This is to provide the parts of urn that need to be indexed as well as the logic to obtain the same from the urn. Refer to [DatasetUrnPathExtractor](../../gms/impl/src/main/java/com/linkedin/metadata/urn/dataset/DatasetUrnPathExtractor.java) as an example.
Enable SCSI by adding your variable in docker environment [file](../../docker/datahub-gms/env/docker.env) of datahub-gms. Each entity has it's own environment variable. If corresponding variable of your entity is already defined in the docker environment file, then make sure it is set (in order to enable SCSI).
Import the docker environment variable in your local DAO factory to enable SCSI. Refer to [DatasetDaoFactory](../../gms/factories/src/main/java/com/linkedin/gms/factory/dataset/DatasetDaoFactory.java) as an example.
Other than the urn parts, you may want to index certain fields of an aspect. The indexable fields of aspects of a given entity are configured in a file in JSON format which must be provided during your local DAO instantiation. Refer to the storage config for [dataset](../../gms/factories/src/main/resources/datasetStorageConfig.json).
If you have already enabled SCSI then the write path will ensure that every new urn inserted into the primary document store (i.e. `metadata_aspect` table), also gets inserted into the index table. However for urns that already exist in the `metadata_aspect` table, you will need to bootstrap the index table. Refer to the bootstrap [script](../../gms/database/scripts/index/dataset-bootstrap.sql) for datasets as an example.
[BaseEntityResource](https://github.com/linkedin/datahub-gma/blob/master/restli-resources/src/main/java/com/linkedin/metadata/restli/BaseEntityResource.java) currently exposes Finder resource method called filter that returns a list of entities that satisfy the filter conditions specified in query parameters. Please refer to [Datasets](../../gms/impl/src/main/java/com/linkedin/metadata/resources/dataset/Datasets.java) resource to understand how to override the filter method.
Once you have the resource method defined, you could as well expose client methods that take different input arguments. Please refer to listUrnsFromIndex and filter methods in [Datasets](../../gms/client/src/main/java/com/linkedin/dataset/client/Datasets.java) client for reference.
The storage config for datasets looks like the following:
```
{
"aspectStorageConfigMap": {
"com.linkedin.common.Status": {
"pathStorageConfigMap": {
"/removed": {
"strongConsistentSecondaryIndex": true
}
}
}
}
}
```
which means that the `removed` field of `Status` aspect should be indexed in SCSI.

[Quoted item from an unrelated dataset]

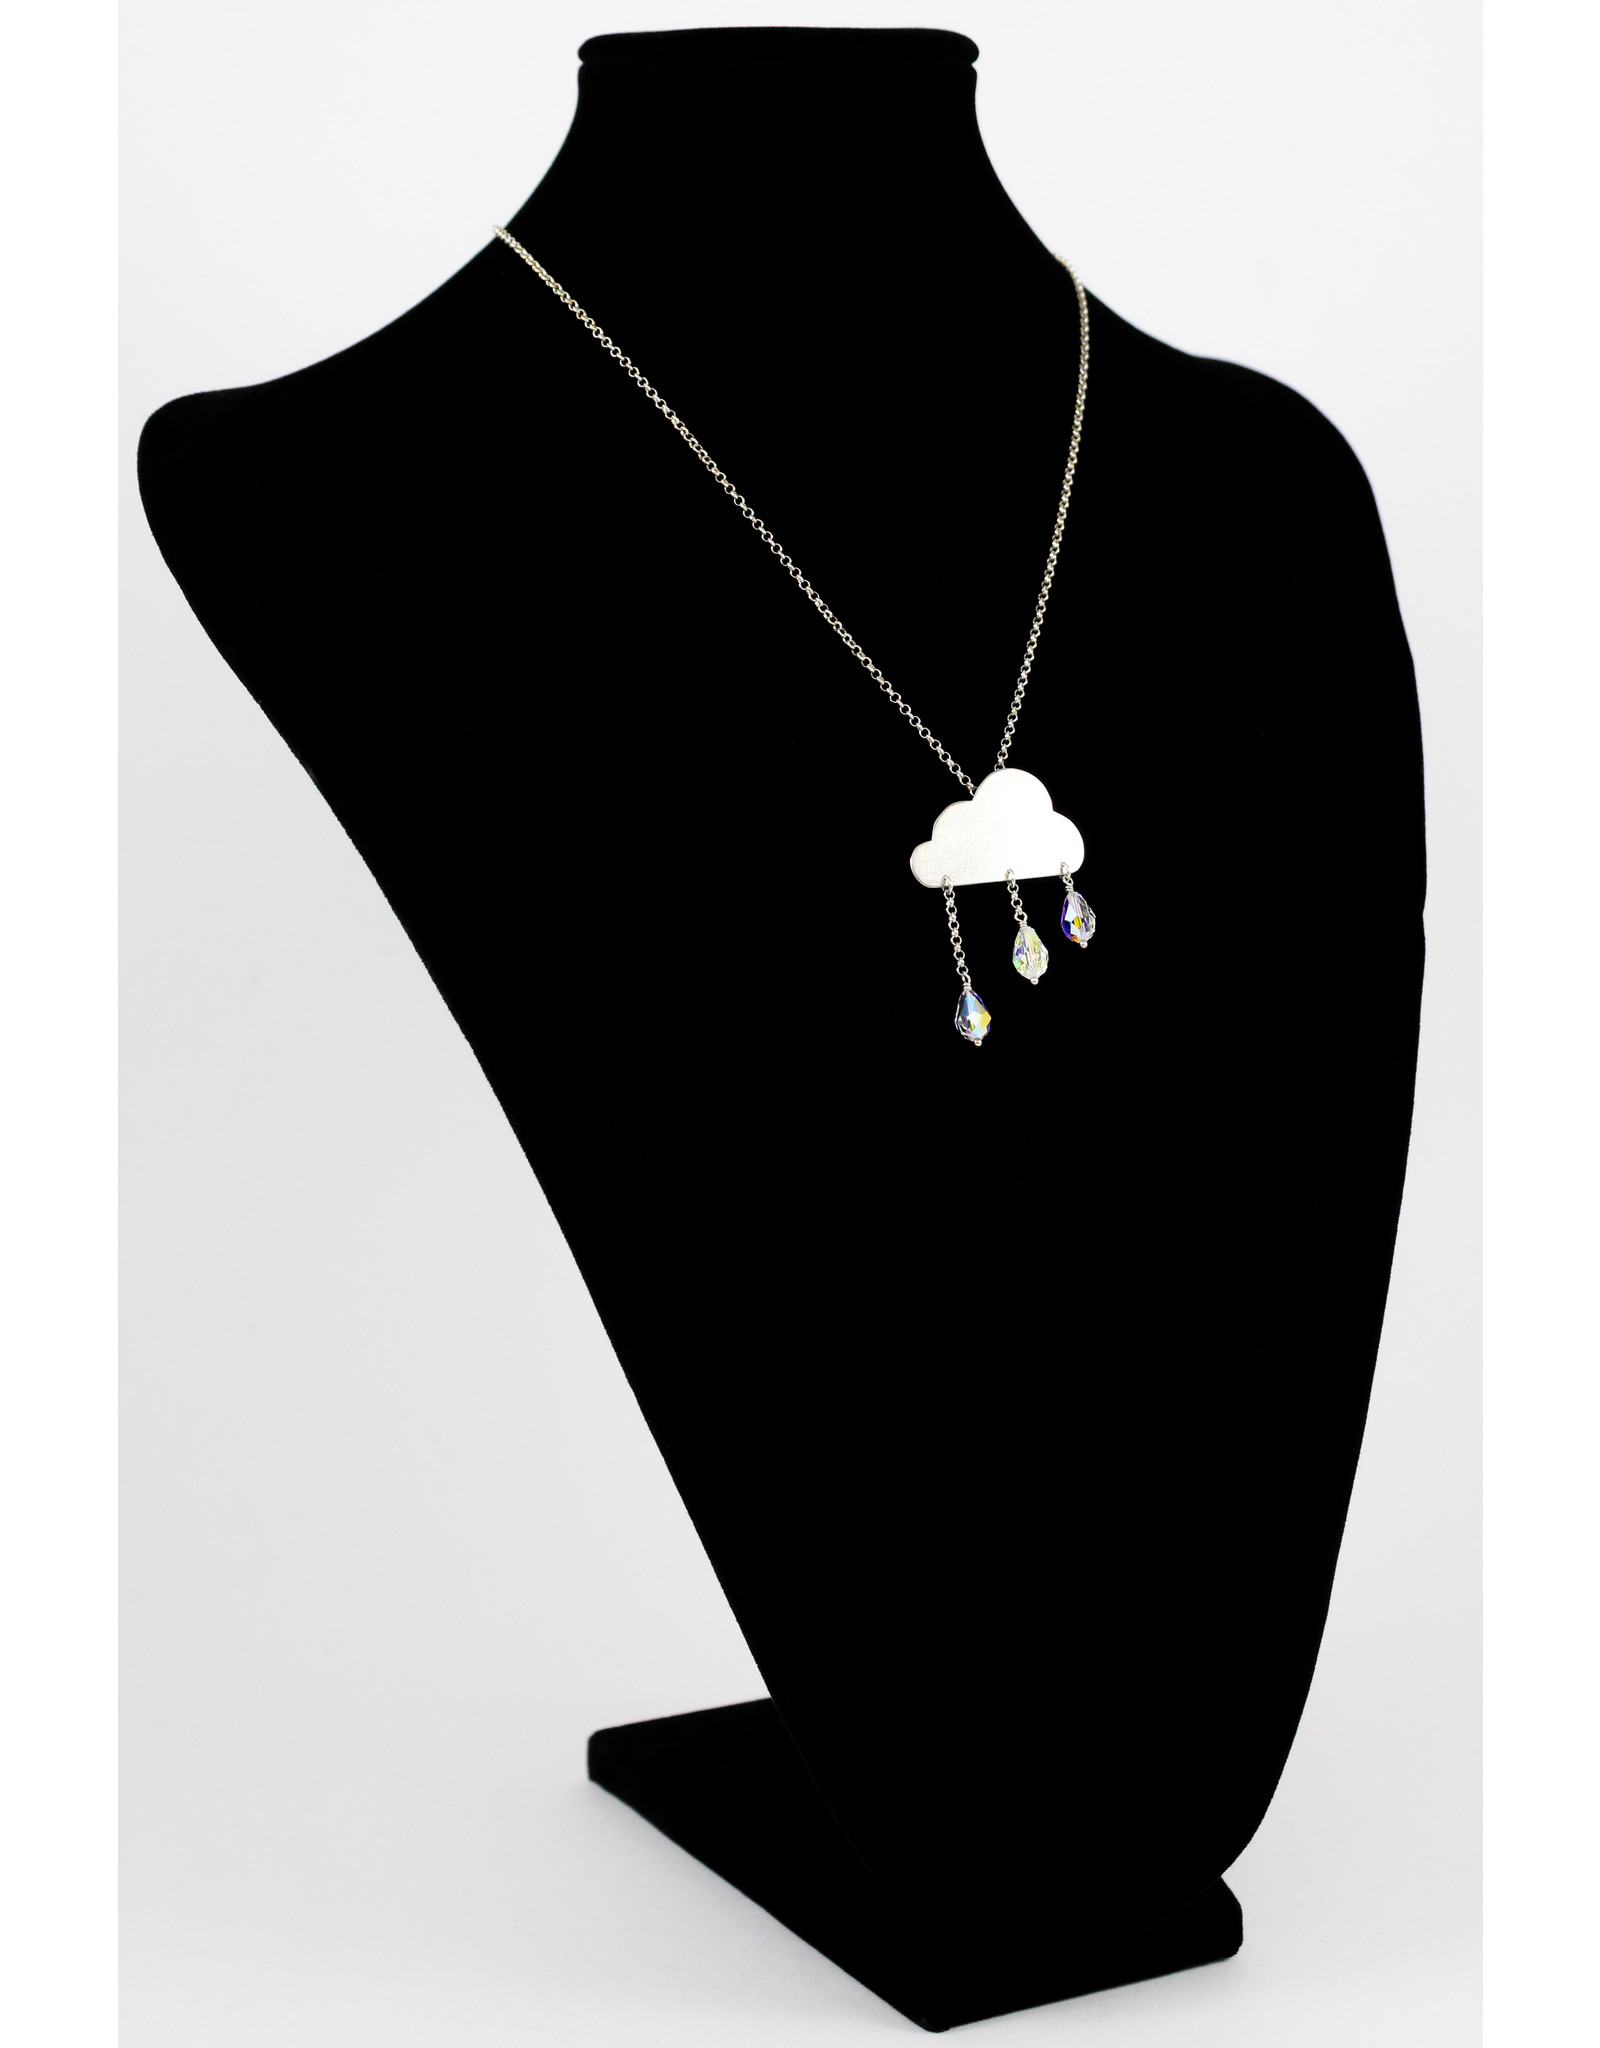 Tasha Matthews Cloud Necklace by Tasha Grace Designs

None of the dataset urns ingested so far, has a `Status` aspect. Let us try to ingest a new dataset, with several metadata aspects including the `Status` aspect
```
curl 'http://localhost:8080/datasets?action=ingest' -X POST -H 'X-RestLi-Protocol-Version:2.0.0' --data '{"snapshot": {"aspects":[{"com.linkedin.common.Ownership":{"owners":[{"owner":"urn:li:corpuser:fbar","type":"DATAOWNER"}],"lastModified":{"time":0,"actor":"urn:li:corpuser:fbar"}}},{"com.linkedin.common.Status":{"removed":false}},{"com.linkedin.schema.SchemaMetadata":{"schemaName":"FooEvent","platform":"urn:li:dataPlatform:foo","version":0,"created":{"time":0,"actor":"urn:li:corpuser:fbar"},"lastModified":{"time":0,"actor":"urn:li:corpuser:fbar"},"hash":"","platformSchema":{"com.linkedin.schema.KafkaSchema":{"documentSchema":"{\"type\":\"record\",\"name\":\"MetadataChangeEvent\",\"namespace\":\"com.linkedin.mxe\",\"doc\":\"Kafka event for proposing a metadata change for an entity.\",\"fields\":[{\"name\":\"auditHeader\",\"type\":{\"type\":\"record\",\"name\":\"KafkaAuditHeader\",\"namespace\":\"com.linkedin.avro2pegasus.events\",\"doc\":\"Header\"}}]}"}},"fields":[{"fieldPath":"foo","description":"Bar","nativeDataType":"string","type":{"type":{"com.linkedin.schema.StringType":{}}}}]}}],"urn":"urn:li:dataset:(urn:li:dataPlatform:presto,SamplePrestoDataset,PROD)"}}'
```
You should be able to see the urn parts of the newly ingested urn in the index table, along with the `removed` field of `Status` aspect.